======== DATA PROVIDED

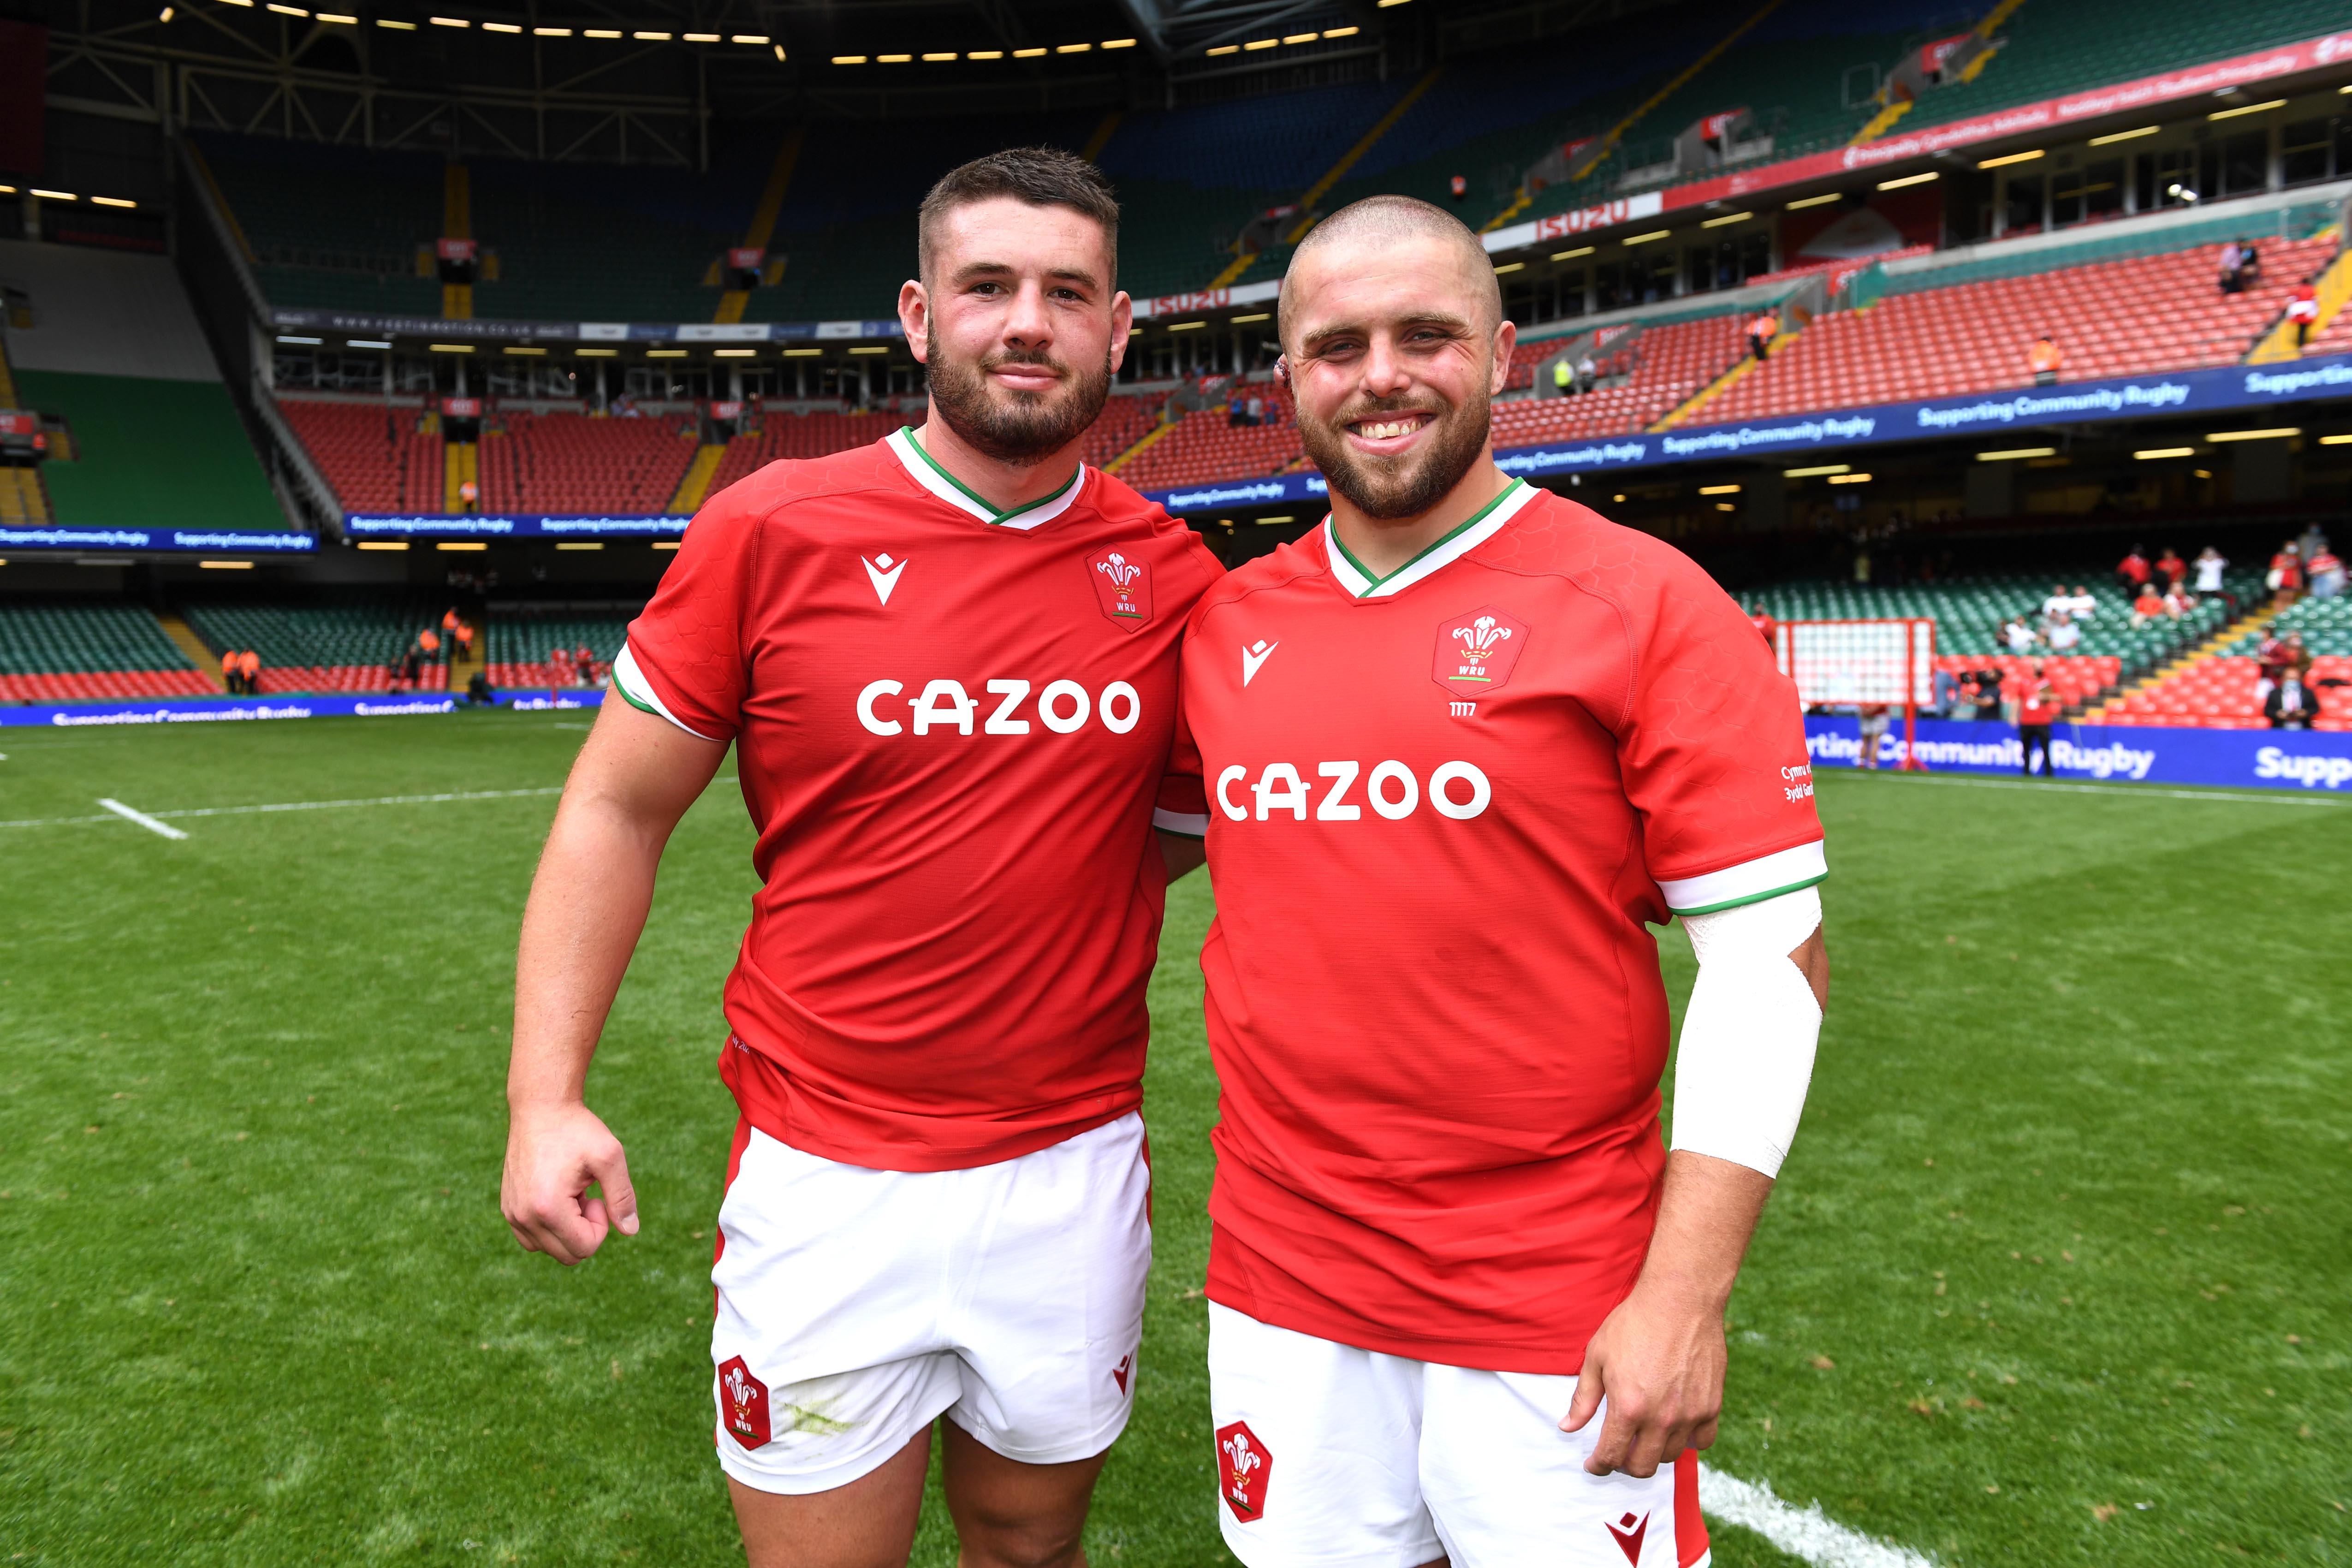 Gareth and Nicky
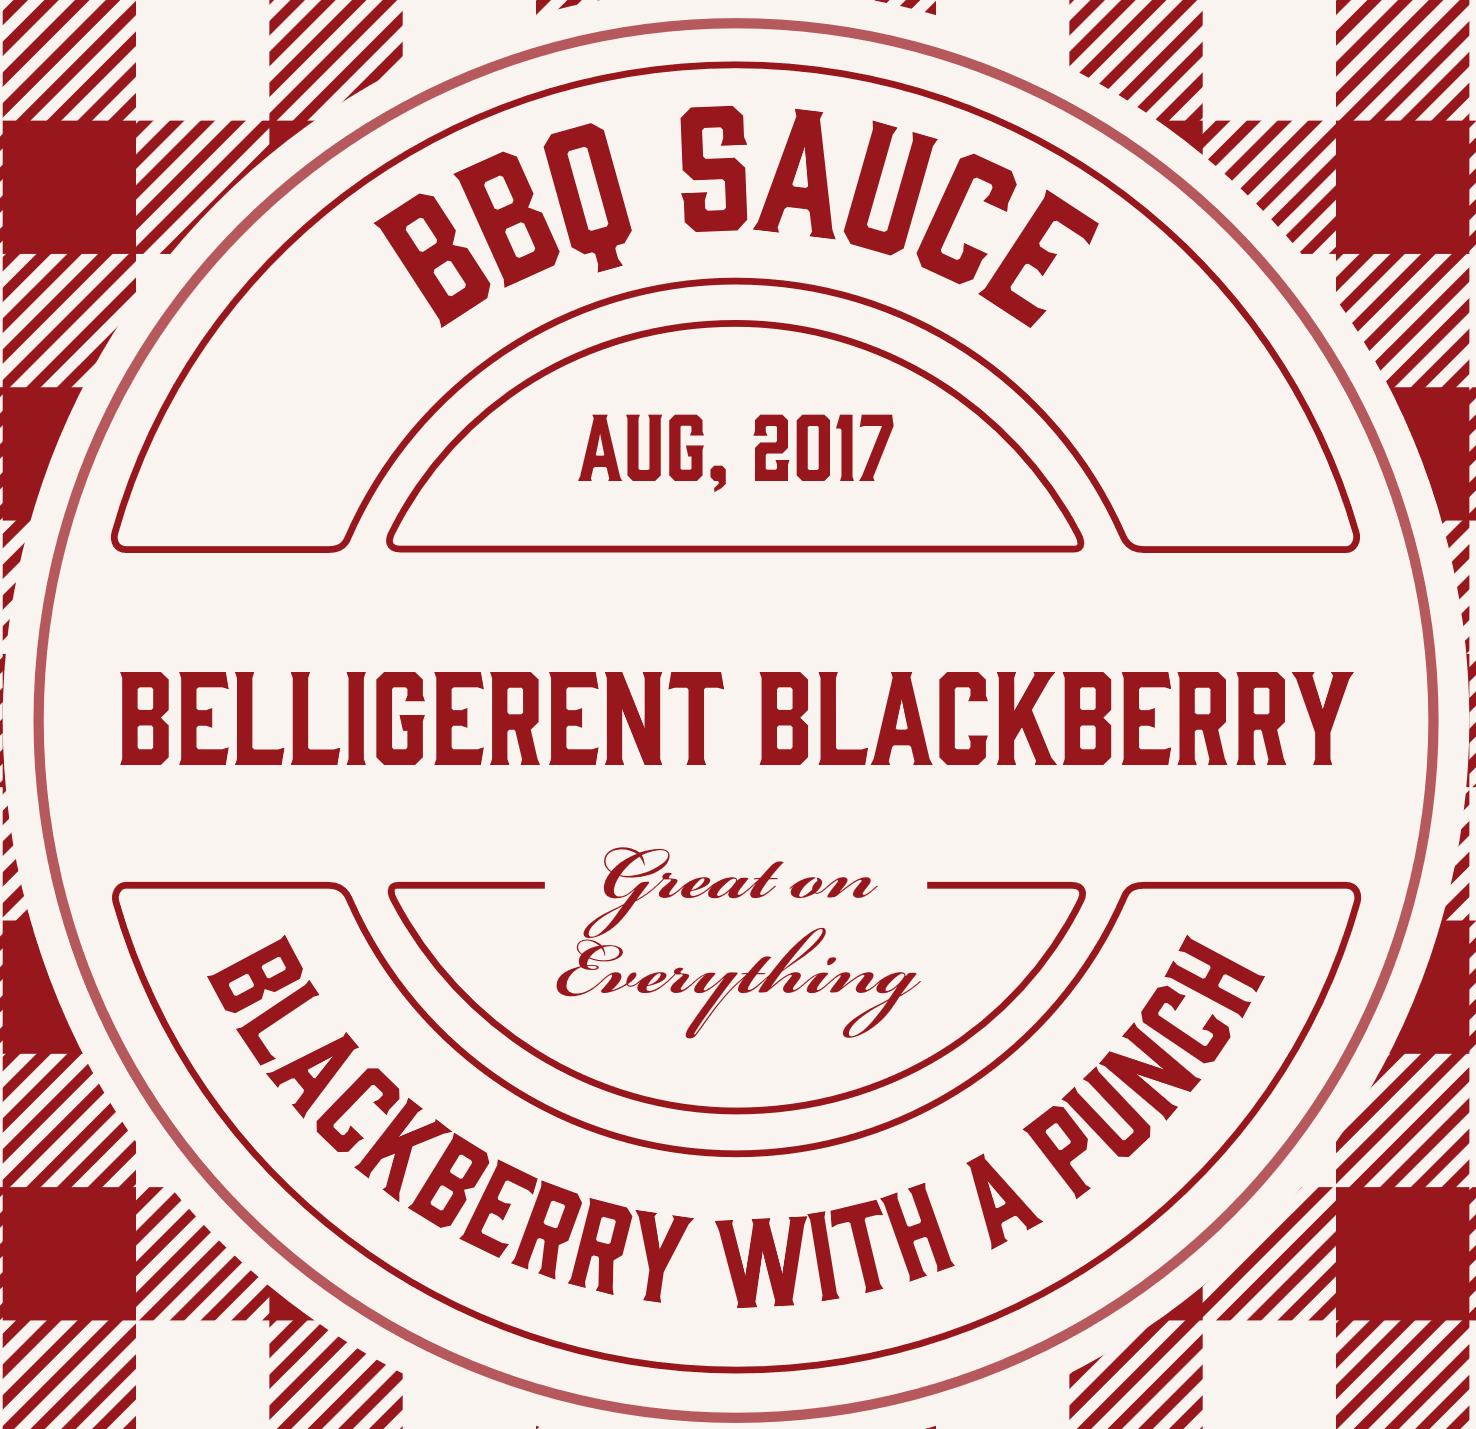 Belligerent Blackberry BBQ Sauce BB
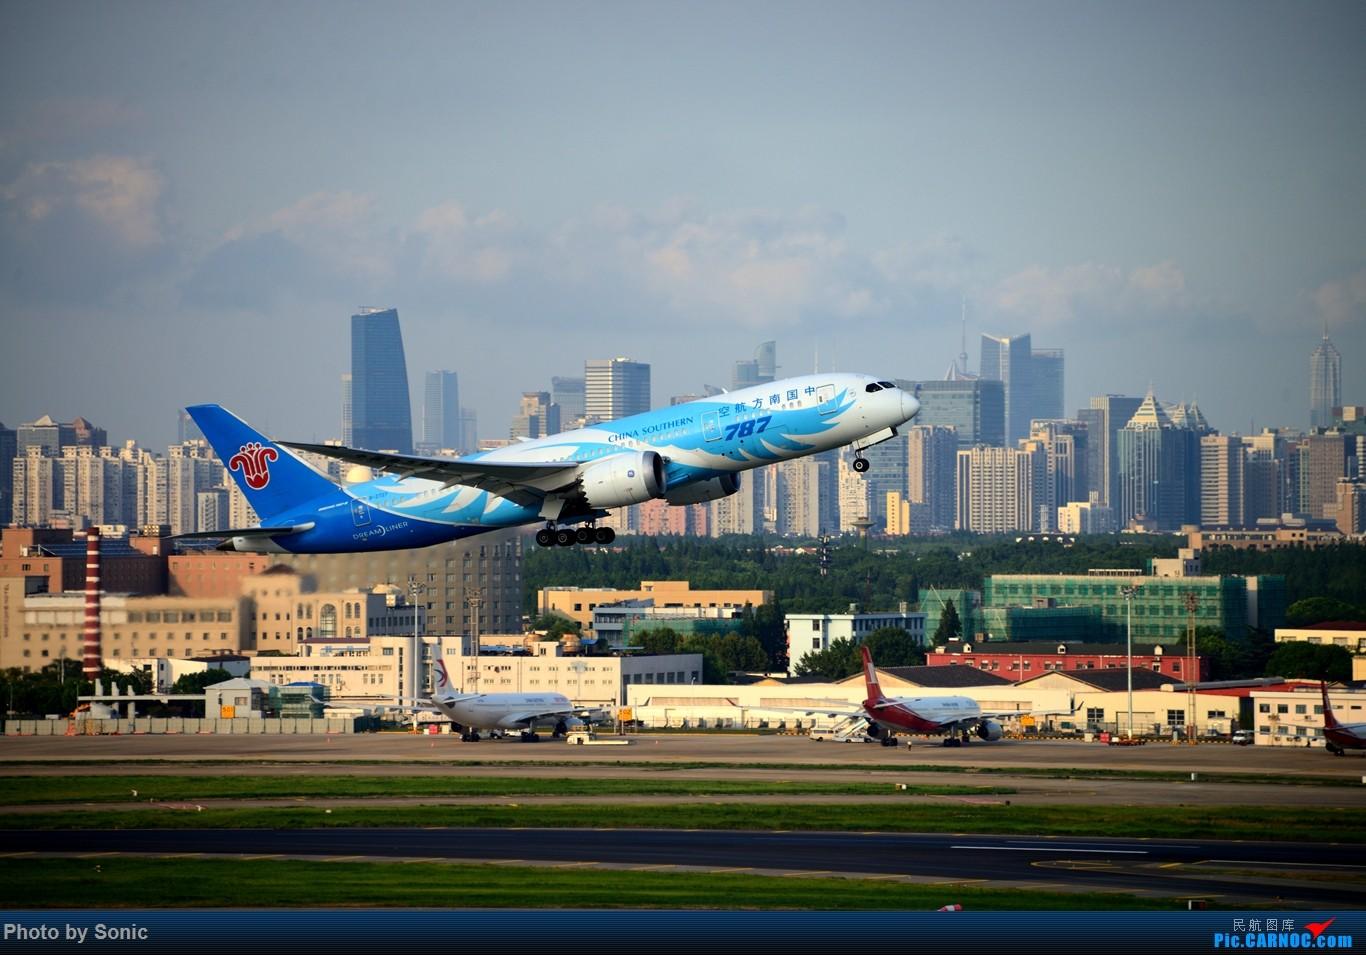 Re:[原创]南航787 虹桥西区 BOEING 787-8 B-2727 中国上海虹桥国际机场

================

## [TASK TO COMPLETE]
All of the material above must be retyped exactly, line for line, with the images dropped.

## [SOLUTION BELOW]
 Gareth and Nicky
 Belligerent Blackberry BBQ Sauce BB
 Re:[原创]南航787 虹桥西区 BOEING 787-8 B-2727 中国上海虹桥国际机场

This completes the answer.